Menstruation may seem like the end of a cycle, but in fact, it is the beginning. The first day of fresh red bleeding is considered to be the start of a new menstrual cycle. This first day of fresh red bleeding is known as Cycle Day 1 (CD1) in charting. Menstruation is the shedding of the lining of the uterus, following a luteal phase with no pregnancy occurring.
A period can last anywhere from 2-7 days, with most menstrual periods lasting three to five days, including a day or two of light flow or spotting at the end.
Menstrual fluid should be red to brown in colour, and a loss of about 50mls over the bleeding phase is considered healthy. Greater than 80mls of loss is excessive, less than 25mls is considered very light. Not all menstrual fluid is blood, it also contains: cervical secretions, vaginal secretions, bits of endometrial tissue. Two thirds of the endometrial lining will be reabsorbed by the body, with the remaining third being shed. It should be mostly liquid, though a few clots the size of an Australia 5-10 cent piece is also normal.
Bleeding that is excessively heavy, very light, very short or very long, or unusual in colour or content always warrants investigation. Our menstrual flow is a helpful indicator of your overall health and wellbeing, and abnormalities can be indicative of a range of womens’ health, hormonal or autoimmune conditions.
The modern woman is estimated to have approximately 400 periods in her lifetime, more than our ancestors due to wider availability of good nutrition. However, this figure varies greatly due to the widespread use of hormonal contraception.
Did you know that the cyclical bleeding you experience when taking the oral contraceptive pill is not a period? Instead, it is a withdrawal bleed, in response to taking the “sugar” pills without the active ingredient during a particular part of the medication regime – it simulates a period bleed, but was in fact predominantly introduced into the Pill protocol to reassure women they weren’t pregnant, to attempt to satisfy some Catholic criticism of the Pill, and to *ding ding* save money in manufacturing. Taking the placebo pills and allowing a withdrawal bleed to occur does not serve any medical purpose, however it may reduce the incidence of breakthrough bleeding that is more likely to occur if pill packets are run together – at some point the endometrial lining will shed.

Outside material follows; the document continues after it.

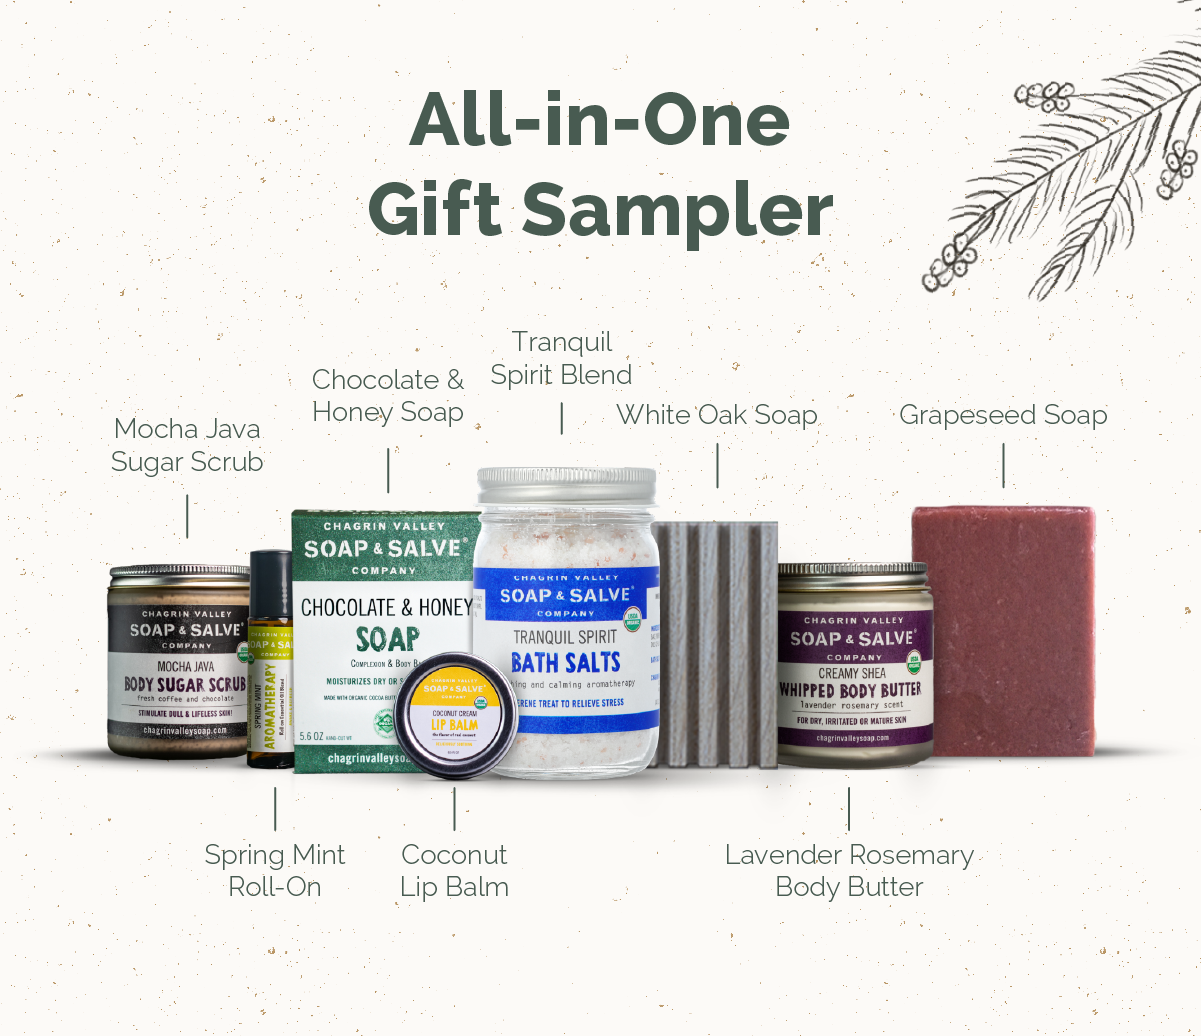 All-in-One Gift Sampler
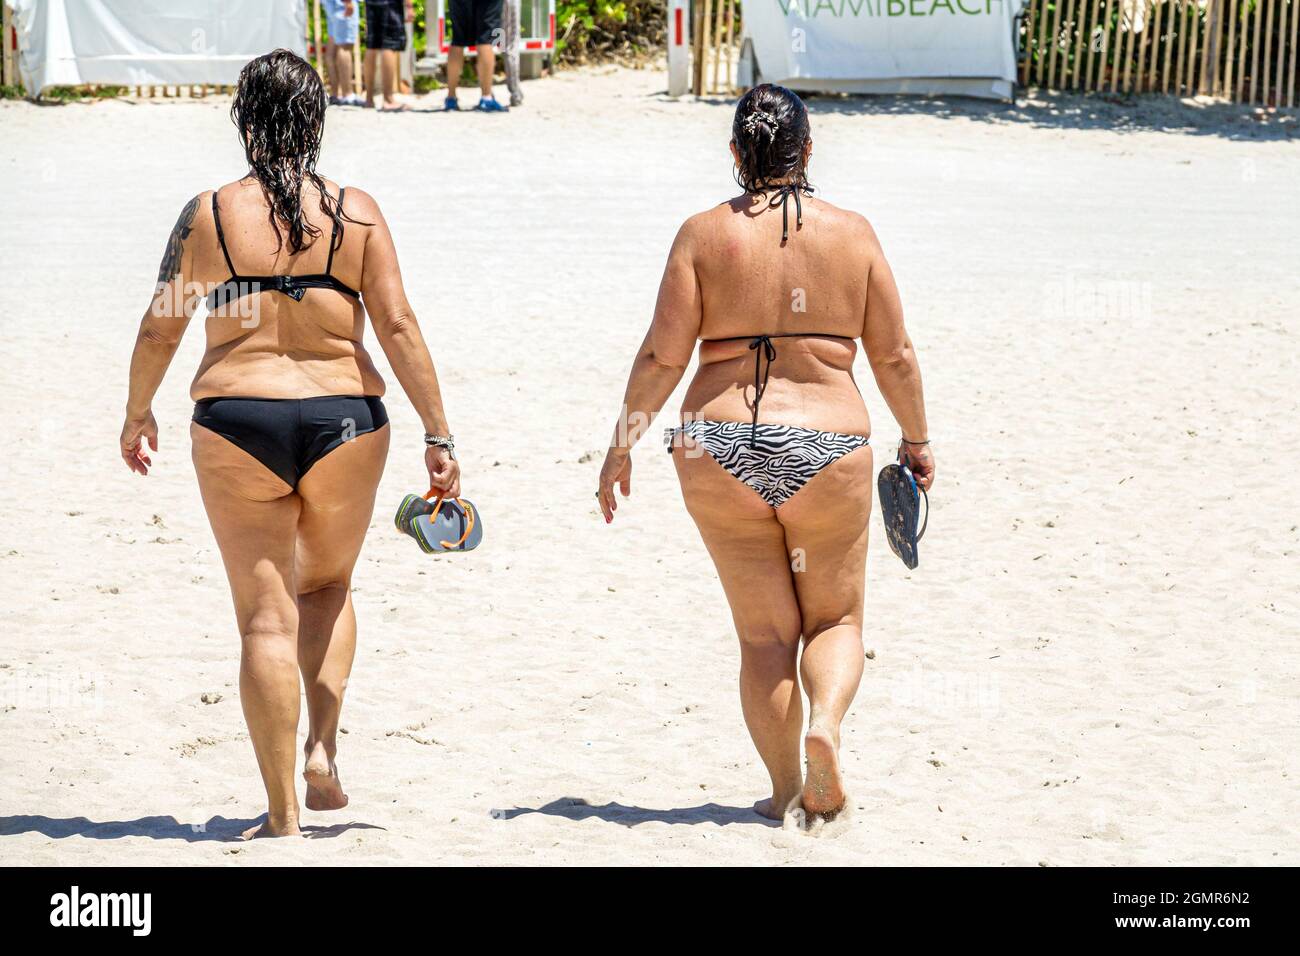 Miami Beach Florida, donne che indossano costumi da bagno bikini, obese grasso sovrappeso pesante a piedi amici Foto Stock

While menstruation is an essential part of the cycle if choosing to chart your cycle – many women suffer from excessive pain, heavy bleeding or mood-related symptoms during or immediately prior to their menstrual phase. What do we do about this?
The causes of excessive bleeding and excessive pain are not treated by suppressing the menstrual phase – while the use of hormonal contraceptives may prevent or reduce symptoms, it does not always stop disease progression, and can delay diagnosis. While you may choose to use hormonal methods such as the oral contraceptive pill or hormonal IUD to manage complex conditions such as endometriosis, prescription of these options without investigations of the causes of significant symptoms prevents women from making informed choices. For example, the current delay to diagnosis for women with endometriosis is is 6.5 years – this has a significant impact of quality of life for women, and the delay in diagnosis and treatment has significant impact on the likelihood of conceiving successfully in the future if desired: addressing symptoms alone without diagnosis and investigation reduces the options and informed decision-making of individuals – this is a concern that has been raised by the Royal Australian College of General Practitioners in the routine prescription of the oral contraceptive pill for adolescents presenting with heavy or painful menstrual periods.
While women with complex conditions such as endometriosis will likely require specialised support to manage their conditions, many choose to do so with allied health and alternative health support, not just traditional biomedical approaches. For women without underlying conditions, options such as magnesium supplementation, exercise programs and lifestyle modification, with or without breakthrough medication use, can make marked differences in their menstrual phase, without the need for hormonal contraception.